(Data extracted from a collection)
-- Opening Marker --
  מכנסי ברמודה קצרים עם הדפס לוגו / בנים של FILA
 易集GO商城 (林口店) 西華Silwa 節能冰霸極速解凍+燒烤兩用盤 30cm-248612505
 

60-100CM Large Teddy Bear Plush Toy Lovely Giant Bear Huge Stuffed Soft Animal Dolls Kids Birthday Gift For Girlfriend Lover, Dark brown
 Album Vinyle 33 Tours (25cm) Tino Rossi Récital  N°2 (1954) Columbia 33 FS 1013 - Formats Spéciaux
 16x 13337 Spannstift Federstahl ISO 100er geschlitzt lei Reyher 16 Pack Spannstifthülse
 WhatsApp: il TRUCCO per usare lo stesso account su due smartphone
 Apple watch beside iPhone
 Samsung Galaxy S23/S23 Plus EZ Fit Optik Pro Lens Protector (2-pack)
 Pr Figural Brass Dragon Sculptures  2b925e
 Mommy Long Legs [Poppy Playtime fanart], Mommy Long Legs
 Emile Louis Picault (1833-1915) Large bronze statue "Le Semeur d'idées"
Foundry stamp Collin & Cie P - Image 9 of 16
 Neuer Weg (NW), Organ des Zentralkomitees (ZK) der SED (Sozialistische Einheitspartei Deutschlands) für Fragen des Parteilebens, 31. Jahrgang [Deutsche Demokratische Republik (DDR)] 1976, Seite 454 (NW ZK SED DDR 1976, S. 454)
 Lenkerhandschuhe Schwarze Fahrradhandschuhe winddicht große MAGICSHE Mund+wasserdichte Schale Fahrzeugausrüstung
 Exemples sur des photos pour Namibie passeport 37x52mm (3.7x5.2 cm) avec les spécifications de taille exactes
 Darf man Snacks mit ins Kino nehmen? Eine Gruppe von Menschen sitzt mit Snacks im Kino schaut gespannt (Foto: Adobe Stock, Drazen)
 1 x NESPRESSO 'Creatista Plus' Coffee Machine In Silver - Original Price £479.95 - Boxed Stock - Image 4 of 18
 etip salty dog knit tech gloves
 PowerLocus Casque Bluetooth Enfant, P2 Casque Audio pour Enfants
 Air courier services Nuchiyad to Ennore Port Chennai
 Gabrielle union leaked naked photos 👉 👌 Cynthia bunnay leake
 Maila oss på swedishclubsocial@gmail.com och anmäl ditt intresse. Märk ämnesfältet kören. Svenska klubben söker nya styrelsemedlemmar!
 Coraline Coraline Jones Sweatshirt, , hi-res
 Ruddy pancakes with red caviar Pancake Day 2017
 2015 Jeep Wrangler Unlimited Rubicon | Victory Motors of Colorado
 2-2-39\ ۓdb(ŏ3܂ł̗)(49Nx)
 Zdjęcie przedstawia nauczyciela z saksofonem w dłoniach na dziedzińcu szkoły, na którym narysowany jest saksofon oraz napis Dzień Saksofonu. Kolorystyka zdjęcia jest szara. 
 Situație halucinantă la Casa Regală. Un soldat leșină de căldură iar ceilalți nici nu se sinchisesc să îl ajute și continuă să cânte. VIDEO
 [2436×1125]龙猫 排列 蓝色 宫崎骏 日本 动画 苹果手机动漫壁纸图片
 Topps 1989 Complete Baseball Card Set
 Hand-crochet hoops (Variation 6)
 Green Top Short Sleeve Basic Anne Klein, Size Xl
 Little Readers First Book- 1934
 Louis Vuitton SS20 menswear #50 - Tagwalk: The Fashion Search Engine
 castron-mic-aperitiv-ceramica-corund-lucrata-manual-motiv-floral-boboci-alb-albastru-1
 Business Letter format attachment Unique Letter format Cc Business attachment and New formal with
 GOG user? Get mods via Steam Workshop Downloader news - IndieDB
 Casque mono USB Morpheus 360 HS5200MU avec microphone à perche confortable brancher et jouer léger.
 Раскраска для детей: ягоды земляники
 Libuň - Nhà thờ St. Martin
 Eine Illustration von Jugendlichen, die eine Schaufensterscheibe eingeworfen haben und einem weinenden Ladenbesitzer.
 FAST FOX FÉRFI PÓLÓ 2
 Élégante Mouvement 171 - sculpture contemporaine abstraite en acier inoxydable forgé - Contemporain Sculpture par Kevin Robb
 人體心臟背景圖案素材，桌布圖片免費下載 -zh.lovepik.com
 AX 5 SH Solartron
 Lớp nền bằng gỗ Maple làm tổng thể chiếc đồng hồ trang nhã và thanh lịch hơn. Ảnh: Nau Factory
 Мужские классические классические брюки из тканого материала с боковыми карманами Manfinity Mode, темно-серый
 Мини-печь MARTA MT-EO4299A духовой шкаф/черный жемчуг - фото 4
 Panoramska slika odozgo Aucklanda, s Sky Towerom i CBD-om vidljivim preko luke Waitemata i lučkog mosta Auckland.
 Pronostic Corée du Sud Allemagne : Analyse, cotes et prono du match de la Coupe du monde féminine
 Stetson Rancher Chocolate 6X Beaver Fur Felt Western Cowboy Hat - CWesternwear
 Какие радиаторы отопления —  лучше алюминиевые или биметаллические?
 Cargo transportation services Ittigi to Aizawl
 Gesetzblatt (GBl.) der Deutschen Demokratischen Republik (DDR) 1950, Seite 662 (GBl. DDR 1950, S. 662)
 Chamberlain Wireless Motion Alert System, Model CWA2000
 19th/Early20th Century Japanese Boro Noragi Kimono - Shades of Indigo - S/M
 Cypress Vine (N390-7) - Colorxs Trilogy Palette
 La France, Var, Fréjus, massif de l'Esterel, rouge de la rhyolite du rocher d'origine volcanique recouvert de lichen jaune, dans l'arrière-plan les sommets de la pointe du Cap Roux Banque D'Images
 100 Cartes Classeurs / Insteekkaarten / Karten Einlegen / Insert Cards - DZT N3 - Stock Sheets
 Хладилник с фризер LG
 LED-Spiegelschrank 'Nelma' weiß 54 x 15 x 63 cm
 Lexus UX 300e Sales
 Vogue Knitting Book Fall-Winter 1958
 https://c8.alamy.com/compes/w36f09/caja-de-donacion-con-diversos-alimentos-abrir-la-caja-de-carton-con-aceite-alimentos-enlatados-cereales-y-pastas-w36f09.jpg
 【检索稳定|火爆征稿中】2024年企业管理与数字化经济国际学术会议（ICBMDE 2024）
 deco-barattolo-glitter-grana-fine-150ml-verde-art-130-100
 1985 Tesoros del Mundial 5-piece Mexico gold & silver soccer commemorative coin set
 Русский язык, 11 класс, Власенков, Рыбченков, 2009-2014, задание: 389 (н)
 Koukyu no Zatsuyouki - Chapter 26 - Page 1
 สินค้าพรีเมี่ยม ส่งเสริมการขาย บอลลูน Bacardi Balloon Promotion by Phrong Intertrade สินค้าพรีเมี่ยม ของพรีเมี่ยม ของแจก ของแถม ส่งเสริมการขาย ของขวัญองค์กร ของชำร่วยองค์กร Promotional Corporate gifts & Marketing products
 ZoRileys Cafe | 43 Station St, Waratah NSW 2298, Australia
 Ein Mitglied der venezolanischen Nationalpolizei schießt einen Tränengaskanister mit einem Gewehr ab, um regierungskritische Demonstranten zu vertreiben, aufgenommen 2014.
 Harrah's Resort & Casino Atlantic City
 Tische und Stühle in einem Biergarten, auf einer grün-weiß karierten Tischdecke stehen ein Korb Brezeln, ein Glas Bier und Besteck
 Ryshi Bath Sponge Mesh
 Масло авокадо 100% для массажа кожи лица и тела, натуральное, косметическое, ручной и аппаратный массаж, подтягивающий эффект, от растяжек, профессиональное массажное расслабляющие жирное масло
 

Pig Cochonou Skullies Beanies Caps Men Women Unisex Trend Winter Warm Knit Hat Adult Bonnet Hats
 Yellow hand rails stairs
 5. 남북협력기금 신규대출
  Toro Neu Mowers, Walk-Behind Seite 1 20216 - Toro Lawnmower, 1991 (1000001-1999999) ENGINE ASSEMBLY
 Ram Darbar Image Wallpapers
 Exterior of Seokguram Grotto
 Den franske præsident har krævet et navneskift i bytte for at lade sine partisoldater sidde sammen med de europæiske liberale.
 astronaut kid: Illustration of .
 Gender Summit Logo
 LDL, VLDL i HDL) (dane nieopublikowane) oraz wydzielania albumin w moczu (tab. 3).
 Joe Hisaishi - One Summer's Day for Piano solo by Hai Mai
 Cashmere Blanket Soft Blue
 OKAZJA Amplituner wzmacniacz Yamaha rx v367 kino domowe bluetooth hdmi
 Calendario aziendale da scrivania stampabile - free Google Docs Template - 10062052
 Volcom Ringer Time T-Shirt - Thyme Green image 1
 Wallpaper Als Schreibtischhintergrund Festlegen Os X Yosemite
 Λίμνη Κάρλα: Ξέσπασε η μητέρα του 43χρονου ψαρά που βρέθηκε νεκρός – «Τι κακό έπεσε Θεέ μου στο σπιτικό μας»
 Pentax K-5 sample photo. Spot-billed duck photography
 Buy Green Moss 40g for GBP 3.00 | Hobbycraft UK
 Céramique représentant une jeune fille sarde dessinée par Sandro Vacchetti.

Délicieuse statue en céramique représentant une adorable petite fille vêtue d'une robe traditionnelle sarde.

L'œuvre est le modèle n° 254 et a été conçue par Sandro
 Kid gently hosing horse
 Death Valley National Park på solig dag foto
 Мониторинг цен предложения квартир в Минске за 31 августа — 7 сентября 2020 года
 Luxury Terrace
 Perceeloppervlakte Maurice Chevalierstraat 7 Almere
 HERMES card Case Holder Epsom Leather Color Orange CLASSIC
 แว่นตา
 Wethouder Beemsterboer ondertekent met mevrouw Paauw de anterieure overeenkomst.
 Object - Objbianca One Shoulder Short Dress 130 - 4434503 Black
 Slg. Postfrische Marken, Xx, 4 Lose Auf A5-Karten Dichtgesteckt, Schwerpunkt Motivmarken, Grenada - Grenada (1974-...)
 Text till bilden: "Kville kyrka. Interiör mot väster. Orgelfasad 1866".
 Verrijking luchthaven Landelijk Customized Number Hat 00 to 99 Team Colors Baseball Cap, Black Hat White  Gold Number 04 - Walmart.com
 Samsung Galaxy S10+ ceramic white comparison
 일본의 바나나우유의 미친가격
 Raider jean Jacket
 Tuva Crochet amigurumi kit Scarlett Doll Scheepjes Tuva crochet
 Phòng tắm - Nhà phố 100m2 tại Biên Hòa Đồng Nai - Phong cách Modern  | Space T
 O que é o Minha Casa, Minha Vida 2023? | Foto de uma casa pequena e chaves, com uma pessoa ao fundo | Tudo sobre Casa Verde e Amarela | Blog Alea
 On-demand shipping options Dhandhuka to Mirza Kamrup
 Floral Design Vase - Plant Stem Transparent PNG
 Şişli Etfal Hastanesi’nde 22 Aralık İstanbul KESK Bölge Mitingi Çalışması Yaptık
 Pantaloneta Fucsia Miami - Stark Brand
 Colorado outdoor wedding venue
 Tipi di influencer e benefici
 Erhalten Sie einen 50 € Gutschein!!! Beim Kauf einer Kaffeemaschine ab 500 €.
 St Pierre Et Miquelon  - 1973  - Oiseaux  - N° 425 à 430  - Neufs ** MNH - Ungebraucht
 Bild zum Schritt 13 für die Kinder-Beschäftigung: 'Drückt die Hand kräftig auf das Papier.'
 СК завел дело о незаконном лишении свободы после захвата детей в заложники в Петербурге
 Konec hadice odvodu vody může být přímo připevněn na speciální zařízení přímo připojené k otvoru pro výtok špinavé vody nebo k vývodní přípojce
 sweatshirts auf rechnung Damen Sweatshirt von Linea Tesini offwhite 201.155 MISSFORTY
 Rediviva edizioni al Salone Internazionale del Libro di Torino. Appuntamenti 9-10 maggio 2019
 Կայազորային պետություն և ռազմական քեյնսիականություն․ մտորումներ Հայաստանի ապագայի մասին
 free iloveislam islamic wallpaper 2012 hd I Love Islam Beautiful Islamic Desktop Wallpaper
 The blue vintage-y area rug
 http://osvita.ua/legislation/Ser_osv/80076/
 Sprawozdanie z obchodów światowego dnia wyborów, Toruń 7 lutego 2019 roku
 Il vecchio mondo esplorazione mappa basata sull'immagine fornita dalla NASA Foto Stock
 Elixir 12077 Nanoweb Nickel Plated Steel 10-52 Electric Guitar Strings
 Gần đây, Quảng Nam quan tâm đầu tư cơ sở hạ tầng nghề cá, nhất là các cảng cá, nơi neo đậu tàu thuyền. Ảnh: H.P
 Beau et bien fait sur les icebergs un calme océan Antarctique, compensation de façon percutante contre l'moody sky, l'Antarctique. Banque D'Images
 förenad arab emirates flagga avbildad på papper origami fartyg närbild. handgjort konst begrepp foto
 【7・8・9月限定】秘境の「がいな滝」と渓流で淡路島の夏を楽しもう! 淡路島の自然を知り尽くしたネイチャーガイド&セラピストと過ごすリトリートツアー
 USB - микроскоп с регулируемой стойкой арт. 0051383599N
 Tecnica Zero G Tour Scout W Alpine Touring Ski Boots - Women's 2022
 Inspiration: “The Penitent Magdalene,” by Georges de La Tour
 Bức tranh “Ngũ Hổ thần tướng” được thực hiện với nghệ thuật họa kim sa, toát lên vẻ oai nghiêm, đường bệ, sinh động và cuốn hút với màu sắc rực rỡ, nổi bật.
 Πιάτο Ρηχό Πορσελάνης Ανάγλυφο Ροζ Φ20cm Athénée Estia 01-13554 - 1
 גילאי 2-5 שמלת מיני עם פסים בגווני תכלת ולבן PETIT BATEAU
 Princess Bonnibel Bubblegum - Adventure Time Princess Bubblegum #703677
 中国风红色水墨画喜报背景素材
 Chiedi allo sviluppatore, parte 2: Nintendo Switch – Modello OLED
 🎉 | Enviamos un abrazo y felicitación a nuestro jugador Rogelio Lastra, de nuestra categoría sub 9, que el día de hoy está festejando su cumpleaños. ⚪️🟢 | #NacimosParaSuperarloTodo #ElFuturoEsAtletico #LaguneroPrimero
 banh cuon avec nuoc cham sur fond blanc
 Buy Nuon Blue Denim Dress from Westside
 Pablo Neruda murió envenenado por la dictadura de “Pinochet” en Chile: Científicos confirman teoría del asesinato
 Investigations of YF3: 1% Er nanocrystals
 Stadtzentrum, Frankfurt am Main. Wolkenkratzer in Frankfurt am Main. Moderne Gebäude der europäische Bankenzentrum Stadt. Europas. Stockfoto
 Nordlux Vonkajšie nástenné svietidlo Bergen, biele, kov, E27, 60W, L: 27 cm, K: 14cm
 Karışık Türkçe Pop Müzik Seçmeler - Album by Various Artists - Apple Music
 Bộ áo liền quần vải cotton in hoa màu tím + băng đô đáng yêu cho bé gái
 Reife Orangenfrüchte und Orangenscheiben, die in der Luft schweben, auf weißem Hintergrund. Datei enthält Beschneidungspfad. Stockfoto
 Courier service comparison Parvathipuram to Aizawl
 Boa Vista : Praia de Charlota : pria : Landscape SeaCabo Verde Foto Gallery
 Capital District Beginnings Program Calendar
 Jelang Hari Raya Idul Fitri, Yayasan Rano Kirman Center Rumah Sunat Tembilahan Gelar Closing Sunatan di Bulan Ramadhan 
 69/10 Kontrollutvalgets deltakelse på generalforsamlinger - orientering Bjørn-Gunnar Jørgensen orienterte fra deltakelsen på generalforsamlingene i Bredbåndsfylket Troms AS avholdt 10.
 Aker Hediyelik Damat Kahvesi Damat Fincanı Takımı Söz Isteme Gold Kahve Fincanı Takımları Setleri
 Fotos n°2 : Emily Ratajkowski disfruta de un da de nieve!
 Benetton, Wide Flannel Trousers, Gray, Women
-- Closing Marker --
* _WHAT THE EXERCISE ASKS_:
Your task is to copy each line of the entries that includes the word "Samsung".

* _ANSWER BELOW_:
 Samsung Galaxy S23/S23 Plus EZ Fit Optik Pro Lens Protector (2-pack)
 Samsung Galaxy S10+ ceramic white comparison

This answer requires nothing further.